Margarete was daughter to Count Phillip von Waldeck-Wildungen and step-daughter to Katherina of Hatzefeld, whom Margarete did not get along with.  At the age of sixteen, Margarete was sent away to Wildungen, Brussels where she met and fell in love with Phillip the II, who would later become king of Spain.   A marriage between the Spanish prince and German countess was seen as politically disadvantageous by many and Margarete’s untimely death all-too-conveniently ended the affair.

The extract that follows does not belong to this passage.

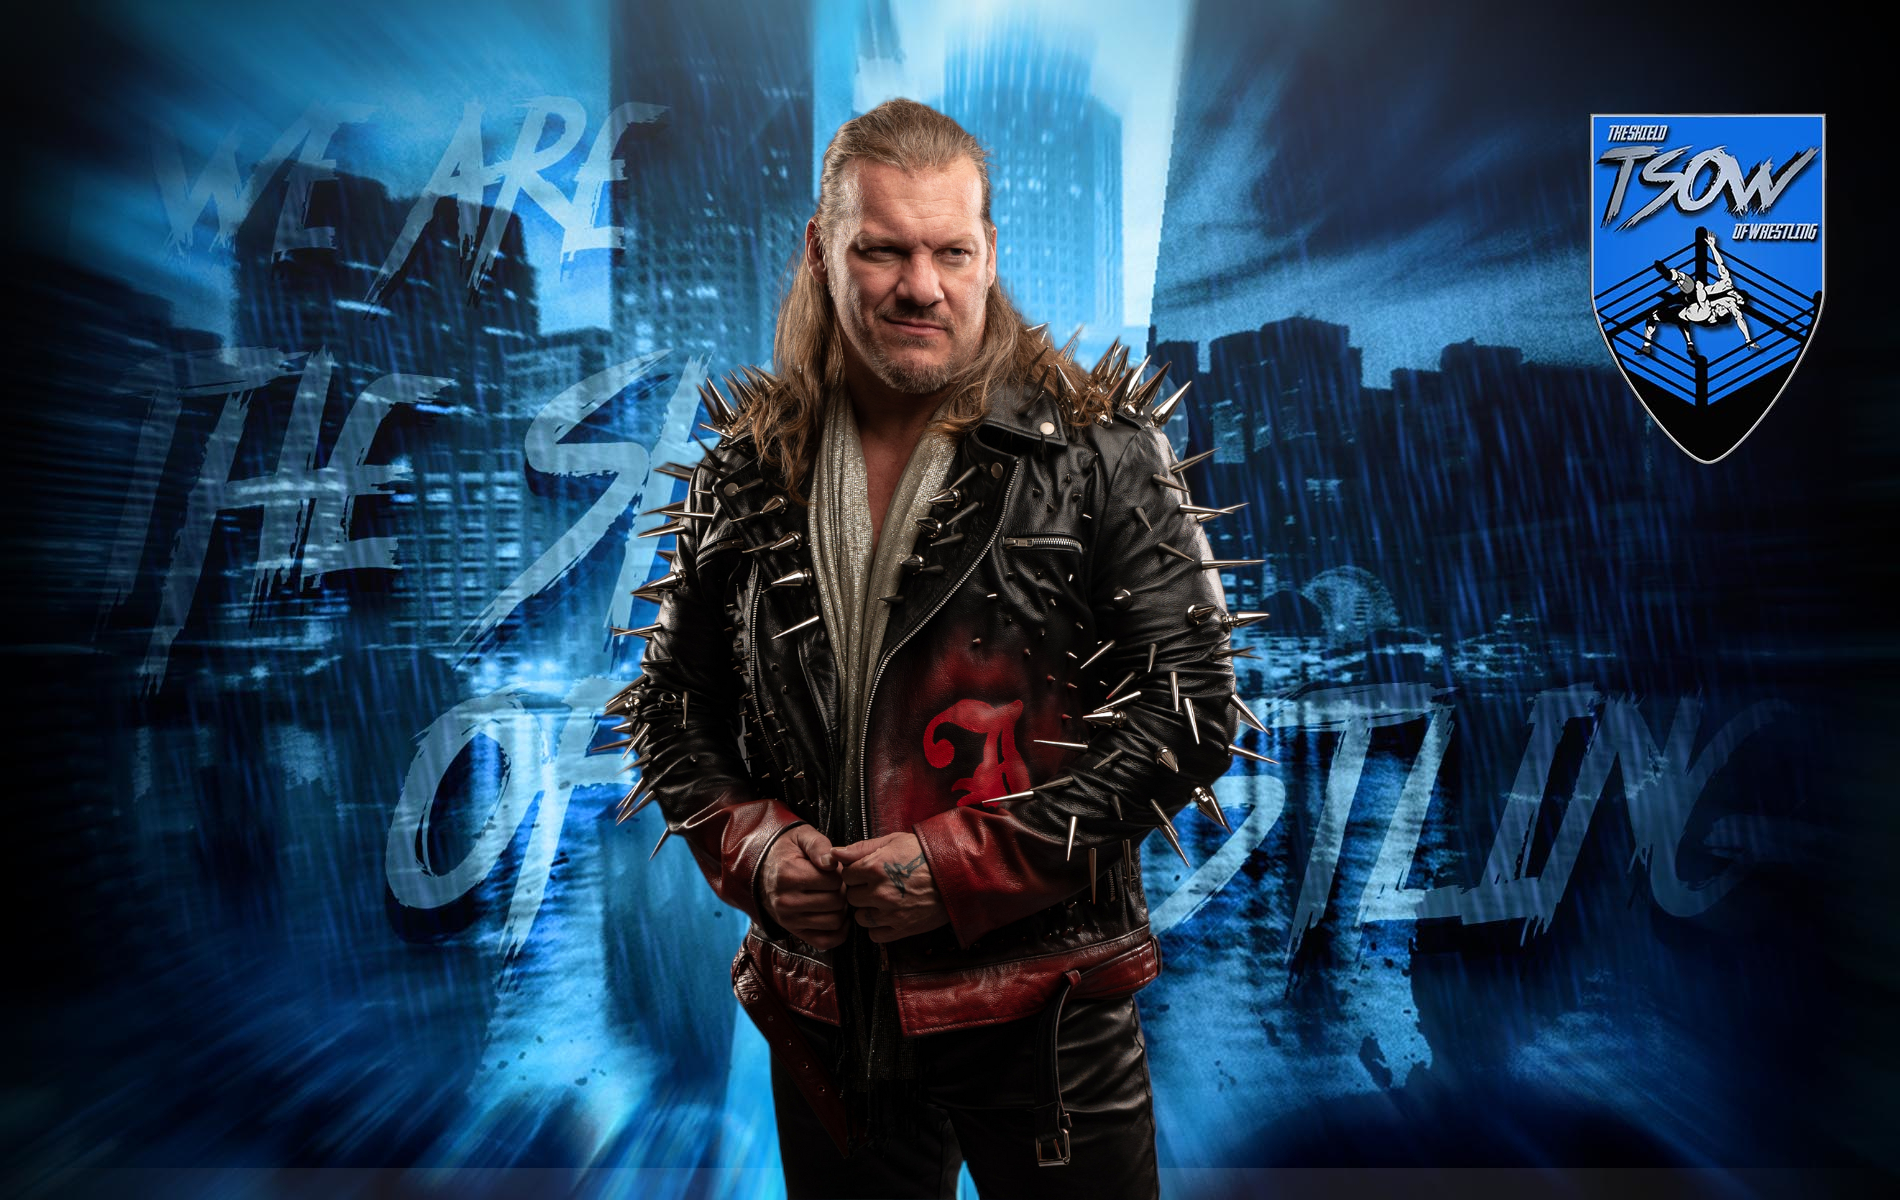 Chris Jericho: i suoi auguri a The Undertaker per i trenta anni in WWE

According to Sander, Margarete did not die of some unknown illness, but was poisoned by the Spanish secret police to keep her from marrying the future king.  However, her “wicked” stepmother couldn’t have been the culprit since she was dead before Margarete’s death.  While it is unlikely that the weapon of choice was an apple, poisoned apples were given out by a man living in Wildungen who didn’t want children stealing his fruit.  And as for the seven dwarves, Maragerete’s brother owned copper mines in Wildungen which employed children who worked twelve hour days.  The children grew crooked and crippled from the work. Their hair grayed prematurely and most were dead before the age of  twenty.  Thus, they looked much like the dwarves from the Brothers Grimm’s tale.  According to Sander, the many parts of the story from this particular region were told and retold until they became the tale that the Grimm’s brothers recorded and we now know as “Snow White and the Seven Dwarves.”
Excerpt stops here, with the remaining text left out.